Obama promotes TPP, says it is 'more than just a trade pact' (Updated)

21 Nov 2015 / 18:21 H.

KUALA LUMPUR: The Trans-Pacific Partnership (TPP) is a long term investment in security and universal human rights especially in combatting corruption and making progressive governments.
United States President Barack Obama, in his strong bid to promote the TPP to Asean member countries, said it is more than just a trade pact as it will build cooperation among nations.
“I want to be very clear – trade is not a panacea. It's not a cure-all for the range of challenges our nations face.
“But we know from experience that when trade is done right it can help fuel progress in other areas,” he said in his speech at the Asean Business in Investment Summit 2015 here today.
Obama said TPP has the strongest anti-corruption and transparency standards of any trade agreement in history.
“It requires countries to have laws against corruption – including making it a crime to bribe a public official – and it requires countries to enforce those laws.
“So TPP encourages rule of law and stronger, more effective and more accountable governance. That is progress,” he said.
Obama said TPP is the first free trade agreement that levels playing field between private companies and state-owned firms.
Calling it the “highest standard” trade agreement in history, he claimed that TPP is the right way a trade should be done.
“Advancing human rights and universal values are embedded in the TPP. The past trade pact did little in this area and that's why we negotiated so hard for so long to get a trade pact that upholds our values.
“And we succeeded. TPP contains the highest trade standards ever negotiated,” Obama said.
Stating among others the benefits of TPP to member countries, he said it can combat corruption, make progressive governments, combat forced labour and bring good environmental standards.
With Brunei, Malaysia, Singapore and Vietnam joining in with Australia, Japan, New Zealand, Canada, Mexico, Peru and Chile, Obama said TPP implementation will bring in stronger rules for trade across the Asia Pacific.
“I know that the politics around trade can be hard in all of our countries.

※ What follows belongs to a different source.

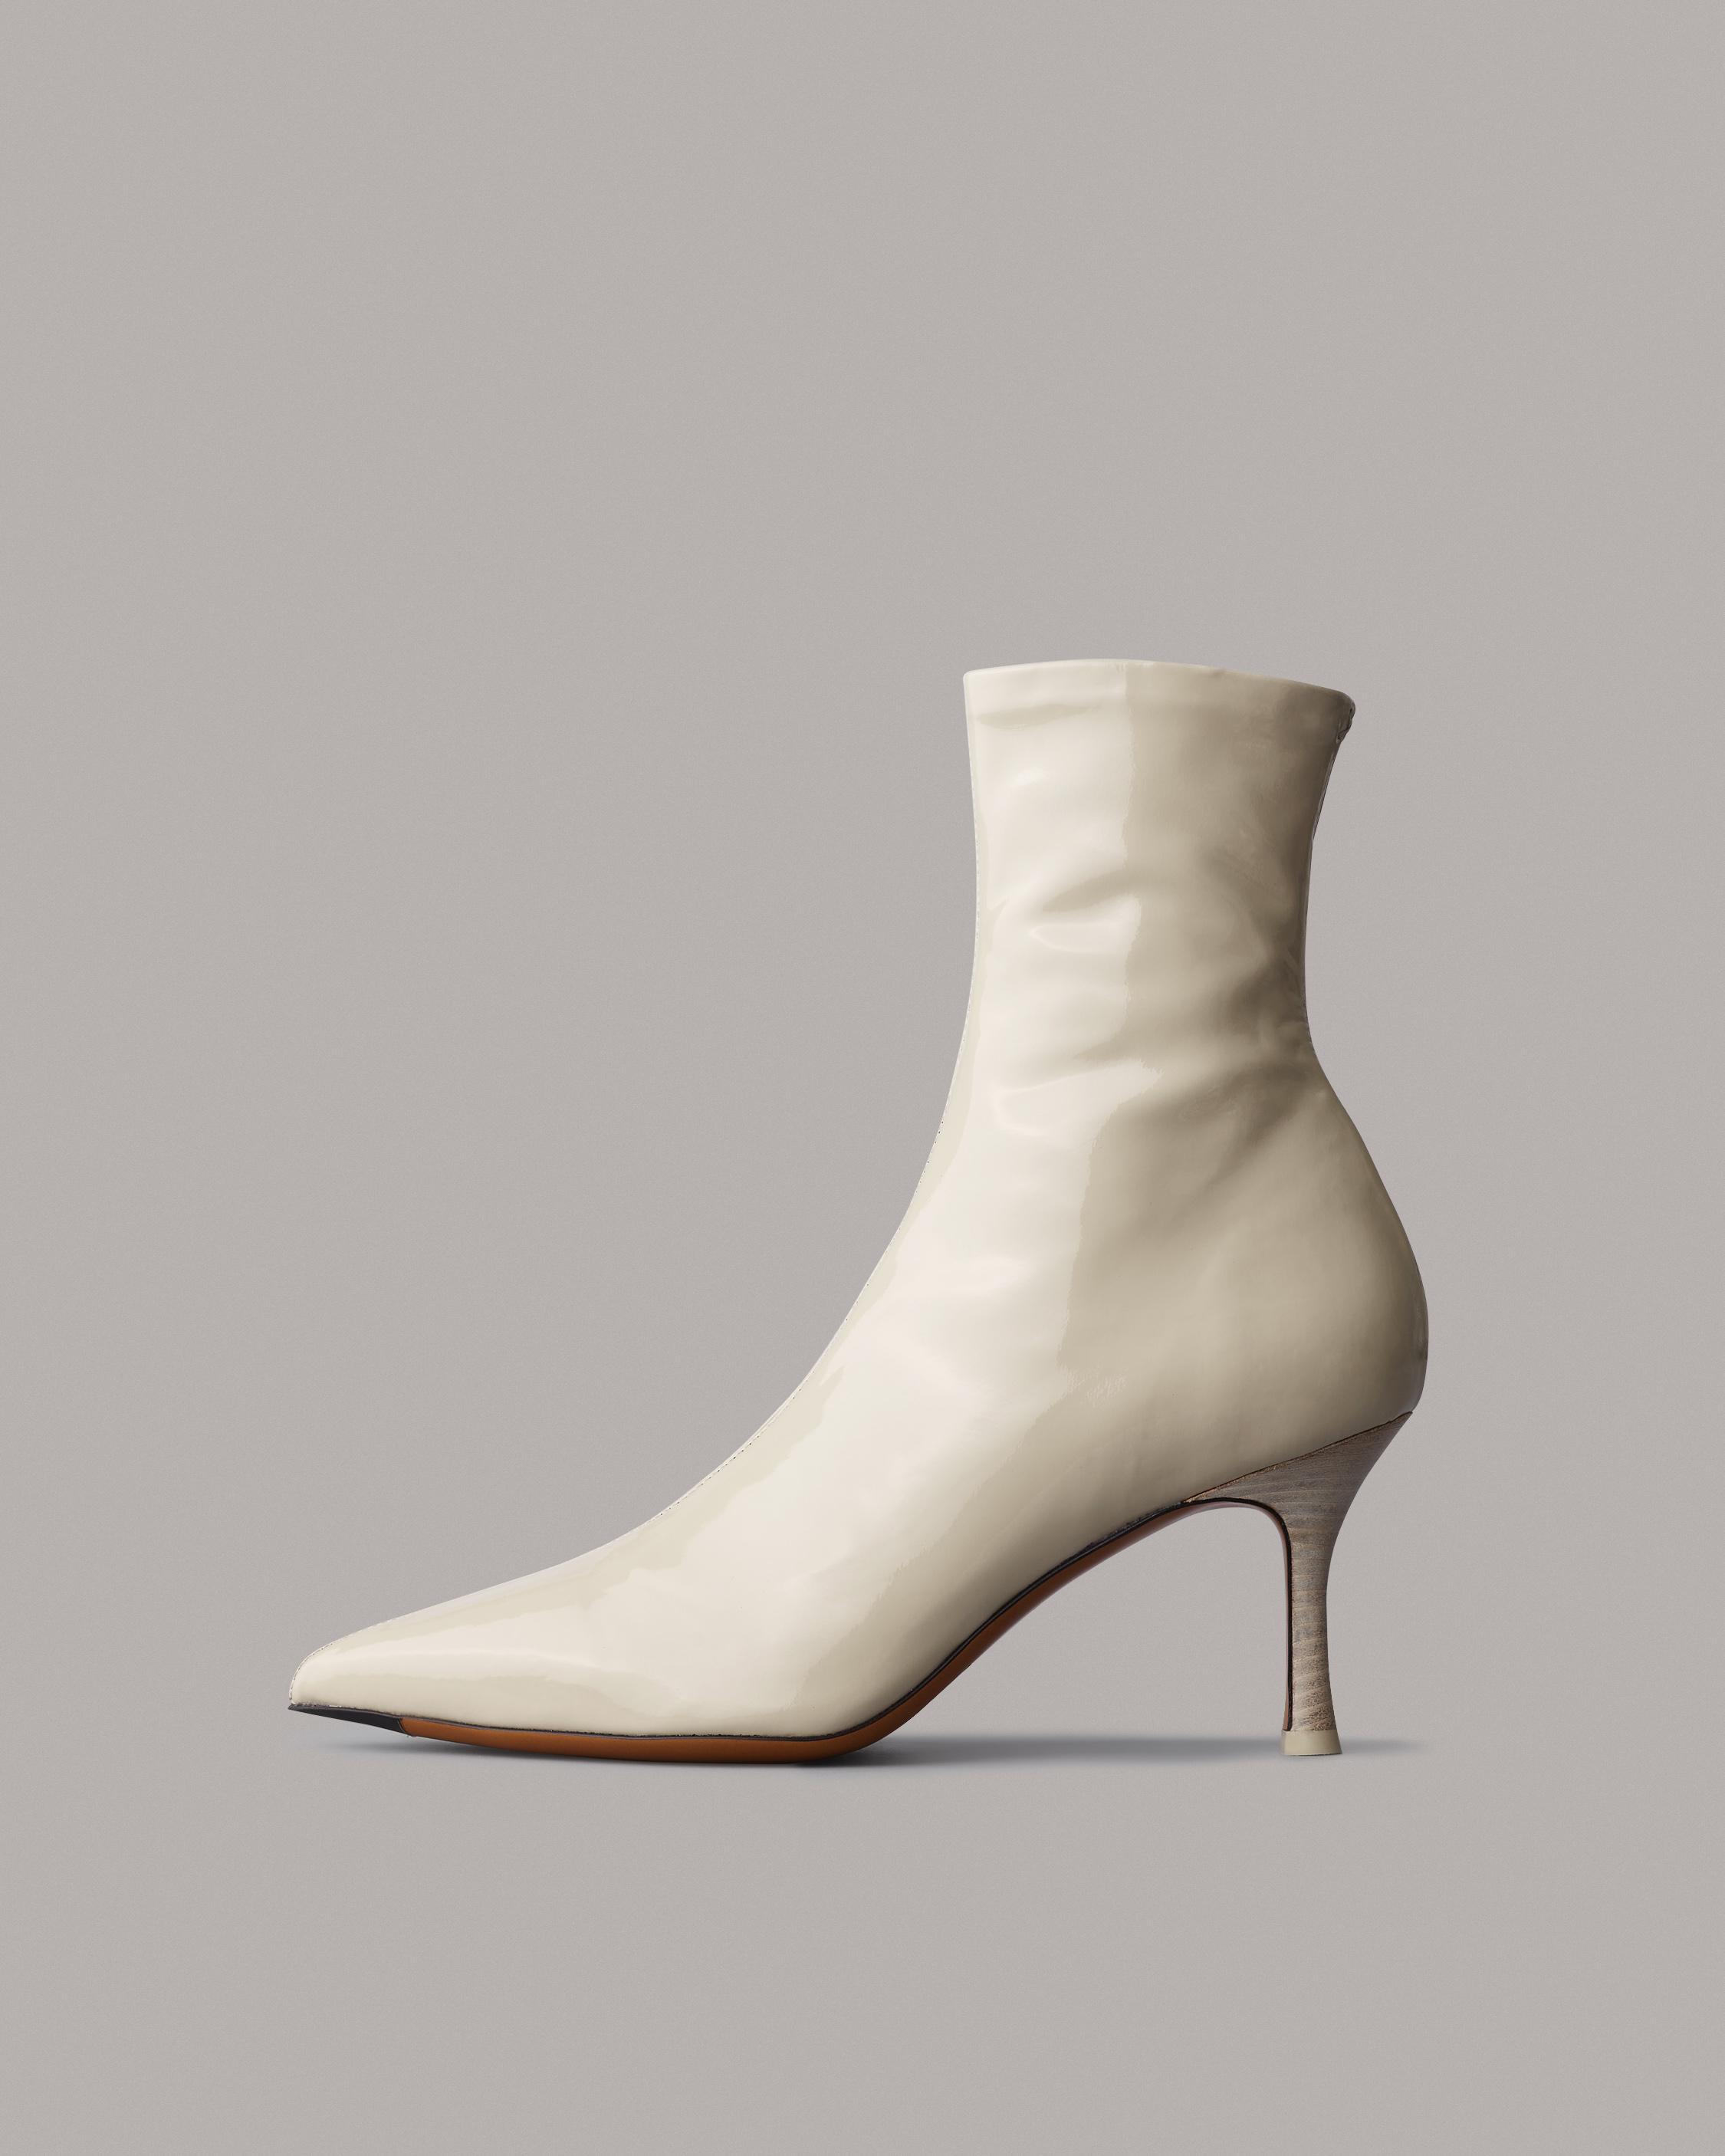 Shoes for Women with an Urban Edge | rag & bone
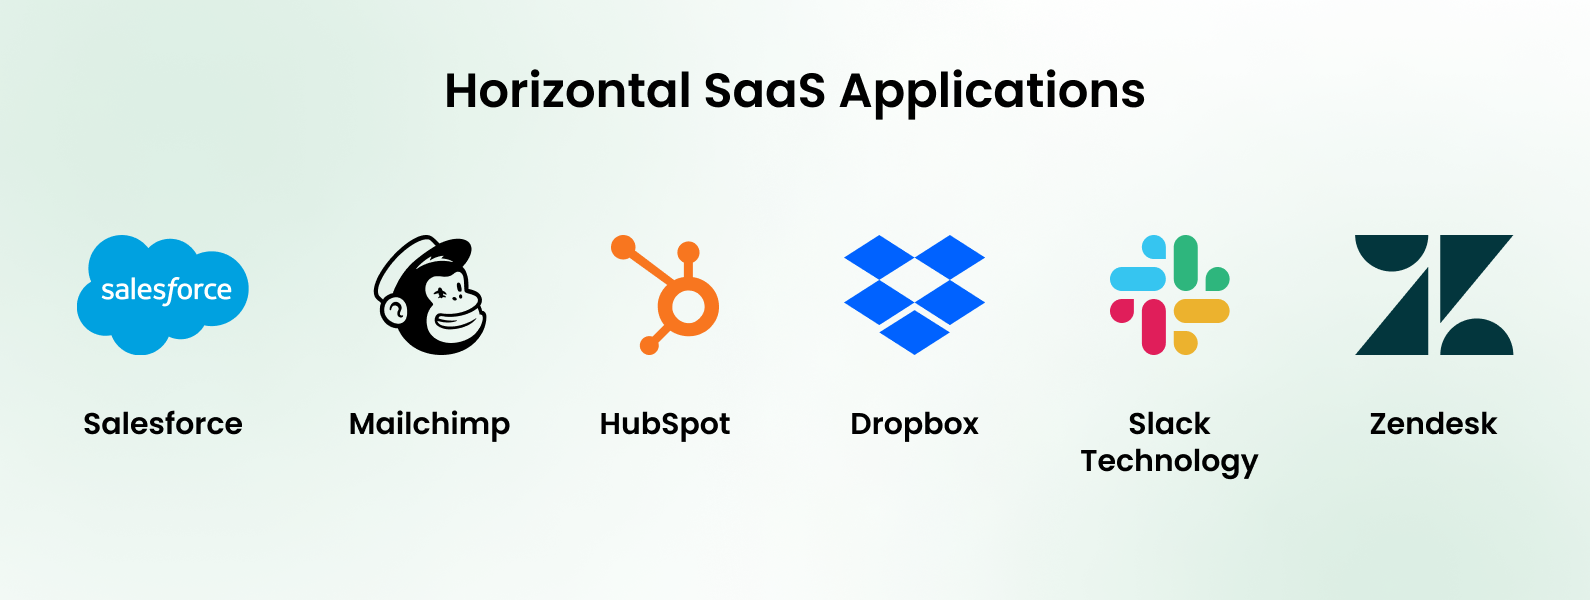 Horizontal SaaS Applications

Past agreements haven't always lived up to their promises,” he said.
Acknowledging that the debates on TPP in many countries and skepticism on previously failed trade deals, Obama admitted that TPP deal is a “tough sell”.
“TPP is a win for the United States. I am not going to be shy about this. As US President, I make no apologies for fighting to open markets to American companies and workers. And we have had success.
“US exports have reached record highs, and we know that companies that export tend to grow faster, hire more employees and pay their workers more than companies that do not export,” he said.
Obama said TPP is a win for the kind of trade that companies and workers in member countries need to compete in the 21st century.